Stephen Speer: Well, I started, off like many of us and kind of brick and mortar financing. And I had a client, approach me and say, listen, you know, I'm not really looking for, brick and mortar type acquisition opportunity.
I'm kind of looking in the online space. And this was nearly a decade ago and it was like, okay, and he, you know, can you finance a business that sells its wares on [00:04:00] Amazon and some of the other platforms? I'm like, I don't know. Let me see. I don't see why not. So that kind of, that discussion with underwriting and other people involved kind of evolved to me being at that time, the only, the only lender in the space.
And obviously we have evolved over time and done over a billion dollars. So it was by accident in short, it was by accident.
Corey Kupfer: I love it. Hey, listen, I have an, it's interesting to me in those early days, right? Because obviously doing brick and mortar businesses, The underwriting, the collateral, the, you know, just the whole basis for, you know, for a loan, the security for it, all that kind of stuff is totally different, right?
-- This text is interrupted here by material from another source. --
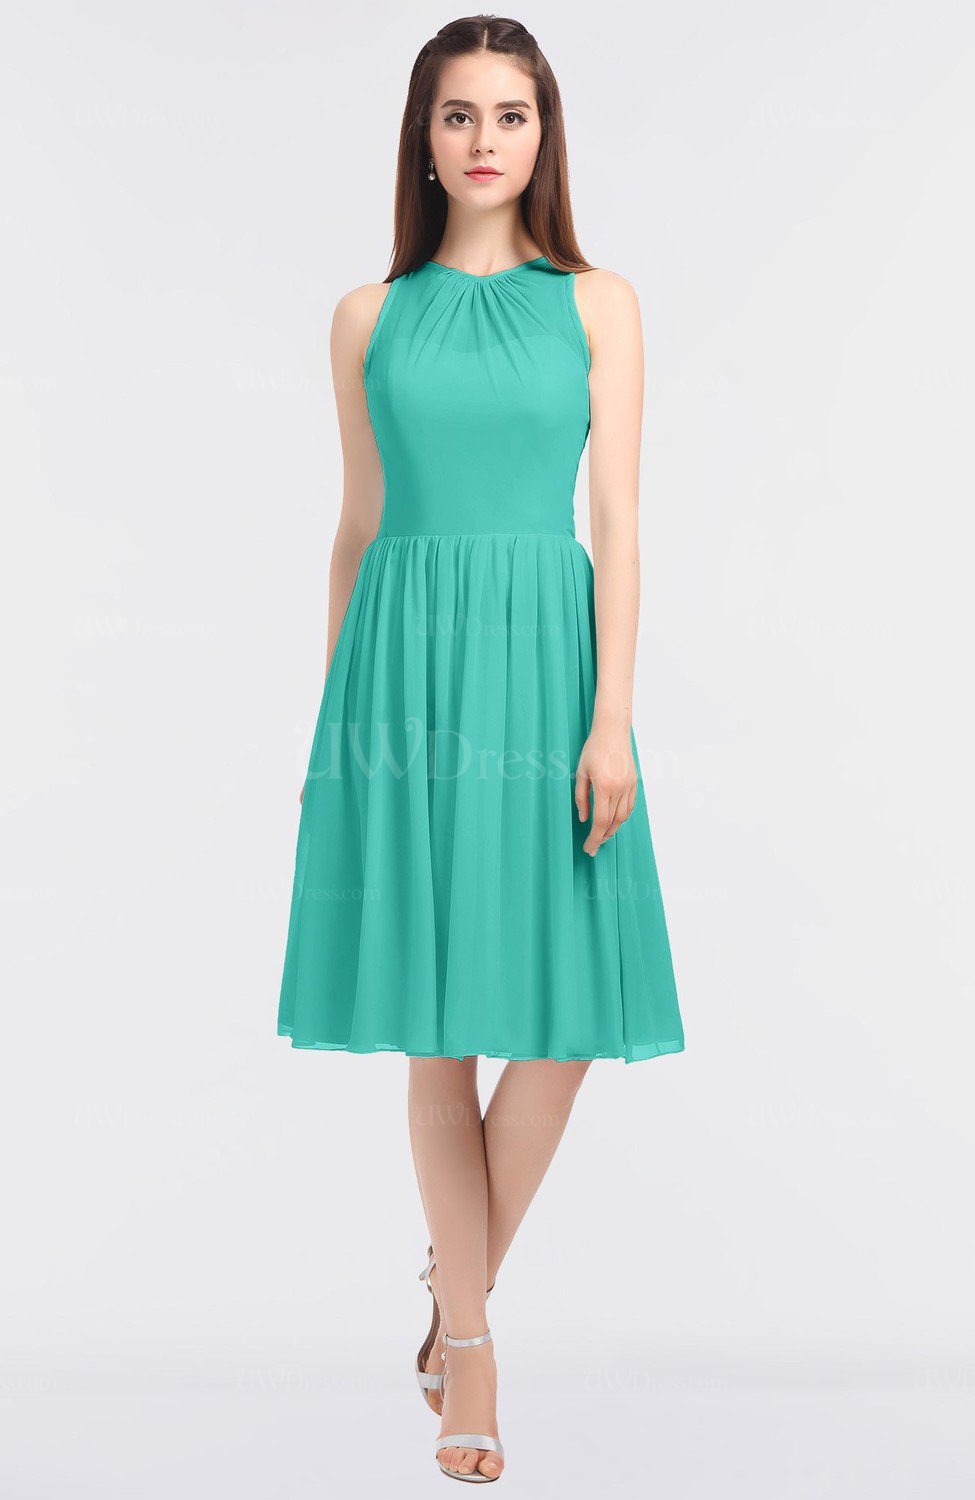 Turquoise G97 Elegant Sleeveless Zip Up Knee Length Plainness

And I guess, there's a, you know, when e commerce was newer, it's like anything else. I mean, people are, doesn't fit a lot of this criteria, whether that's whatever, aspect of the criteria, they tend to walk away from it. So, what was that evolution like, in terms of, like, how did you, were you at a place then where they were?
Where it was, finding, like, you know, brokering capital from other places, or were they [00:05:00] doing their own, you know, lending directly? How did that, transition happen?
Stephen Speer: Yeah, their own lending, and then I went out on my own. but very much like, I mean, they didn't know what Amazon FBA was, so I had to describe that Amazon isn't actually selling The goods, right?
There are Amazon resellers selling the goods. And I had to explain that I had to explain where there wasn't like a warehouse in one location. It was Amazon fulfillment center. So I had to learn that once I learned that I had to really train underwriting, train the underwriters. How to look at businesses like that.
And obviously now we all shop online, you know, it's almost second nature, but back then people had no idea. They actually thought Amazon was the one selling where's on, on, over, over the internet and it wasn't.
Corey Kupfer: So how are these deals on the right? And is it, you know, is it cashflow on the writing?
Is there any kind of hard collateral or any type, but what are those, what's the other rank criteria for deals in this space?
Stephen Speer: Oh it's strictly asset light. Cashflow underwriting and the [00:06:00] most part now on the SBA side, I mean the lower markets, you know, we do quite a bit of SBA financing.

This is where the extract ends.